Jesse Arnaud Cook is a Canadian guitarist. He is a Juno Award winner, Acoustic Guitar Player's Choice Award silver winner in the Flamenco Category, and a three-time winner of the Canadian Smooth Jazz award for Guitarist of the Year. He has recorded on the EMI, E1 Music and Narada labels and has sold over 1.5 million records worldwide.

Life and career
Cook was born November 28, 1964 in Paris, France to Canadian photographer and filmmaker John Cook and Canadian television director and producer Heather Cook.

Cook studied in classical and jazz guitar at Canada's Royal Conservatory of Music, York University, and Berklee College of Music in the United States. He has often quipped that he later attempted to unlearn it all while immersing himself in the oral traditions of gypsy music.

After the independent 1995 release in Canada of his debut album, Tempest, he played at the 1995 Catalina Jazz Festival; shortly afterwards, Tempest entered the American Billboard charts at No. 14.

Cook has recorded ten studio albums, five live DVDs and has traveled the world exploring musical traditions that he has blended into his style of rumba flamenca.

In 1998, Cook was nominated for a Juno Award as Instrumental Artist of the Year. In 2001, he received a Juno Nomination for Best Male Artist. In 2001, Cook won a Juno Award in the Best Instrumental Album category for Free Fall. In 2009, he was Acoustic Guitar's Player's Choice Award silver winner in the Flamenco category (gold went to Paco de Lucia).
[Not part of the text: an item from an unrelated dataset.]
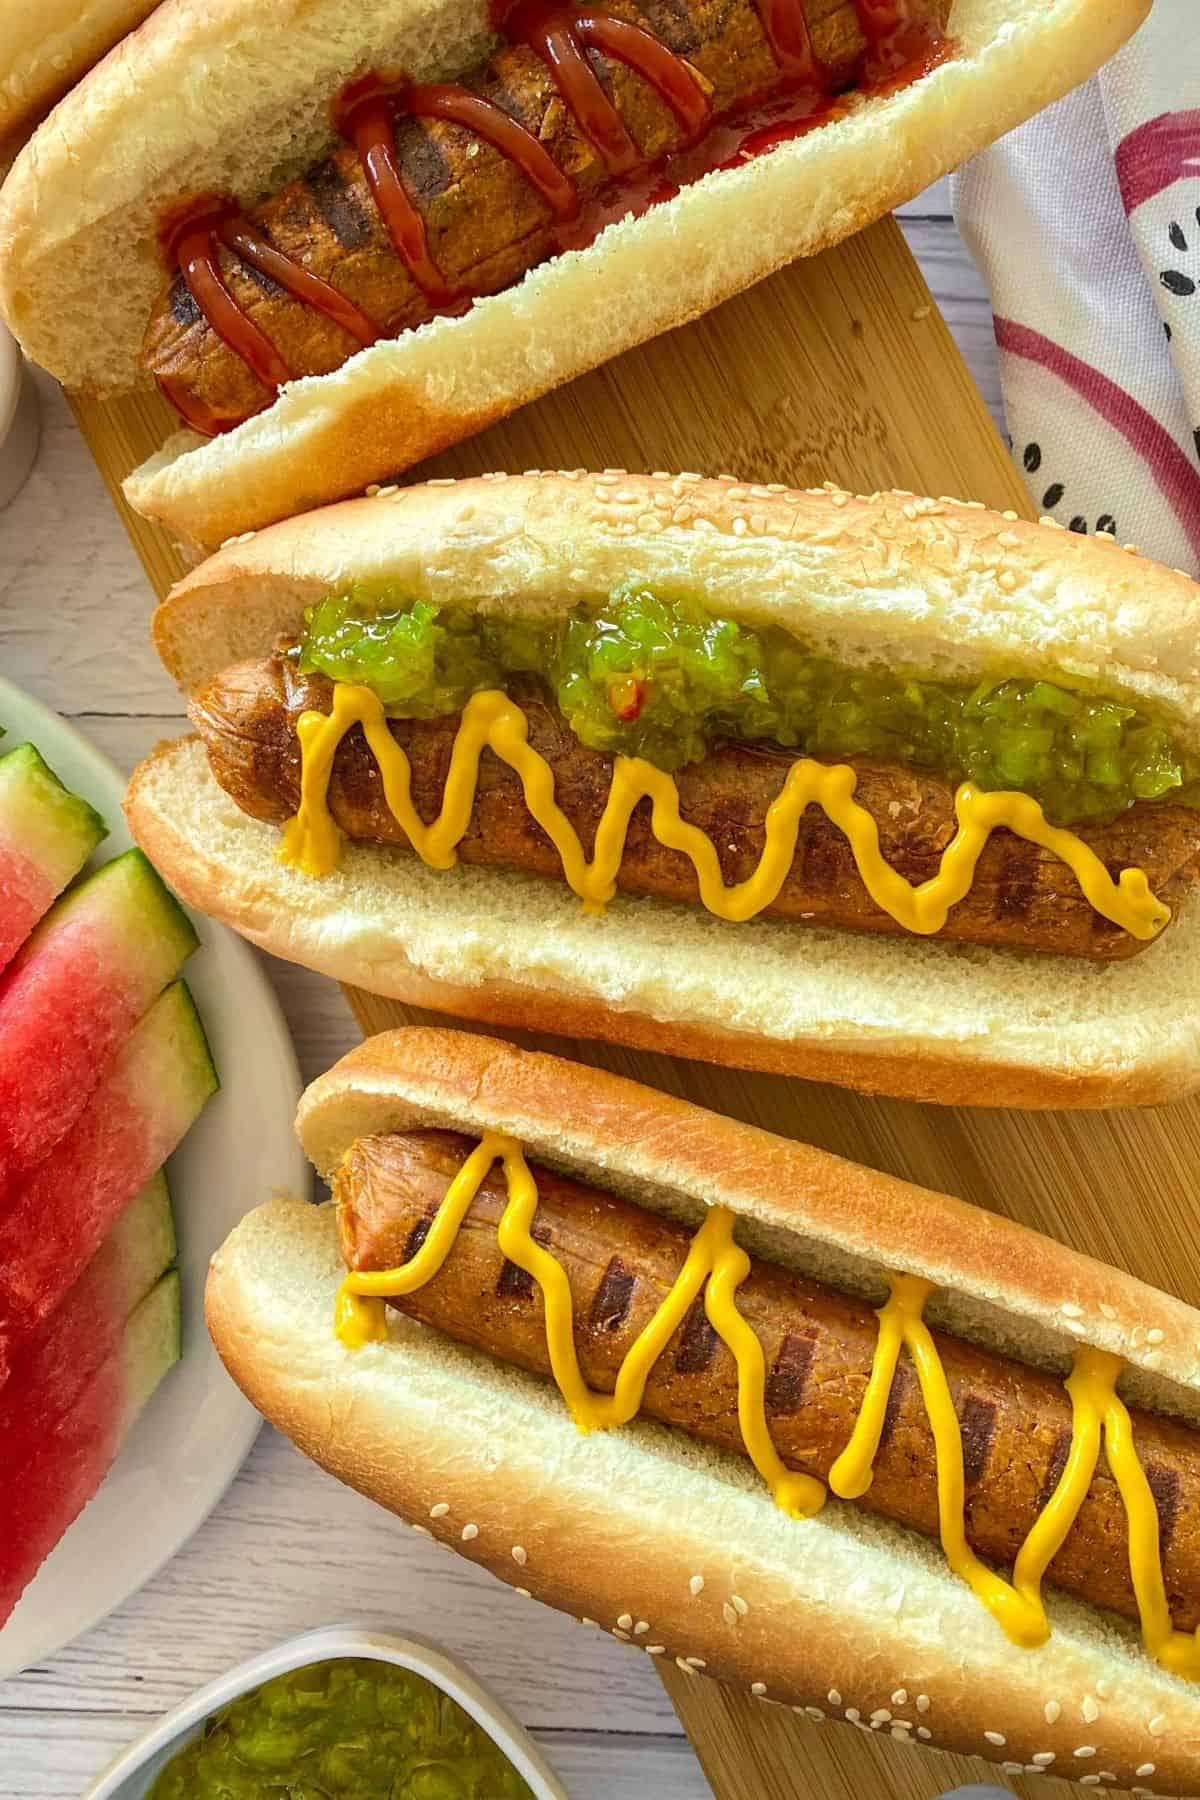 Seitan hot dogs in buns with mustard, relish and ketchup on cutting board.

He is a three-time winner of the Canadian Smooth Jazz award for Guitarist of the Year and numerous other awards.

In 2011, Cook began filming, directing, and editing his own music videos with the release of Virtue. He has since directed, filmed, and edited eight music videos, 16 episodes of Friday Night Music, and produced, edited, and mixed the PBS Concert Special Jesse Cook, Beyond Borders.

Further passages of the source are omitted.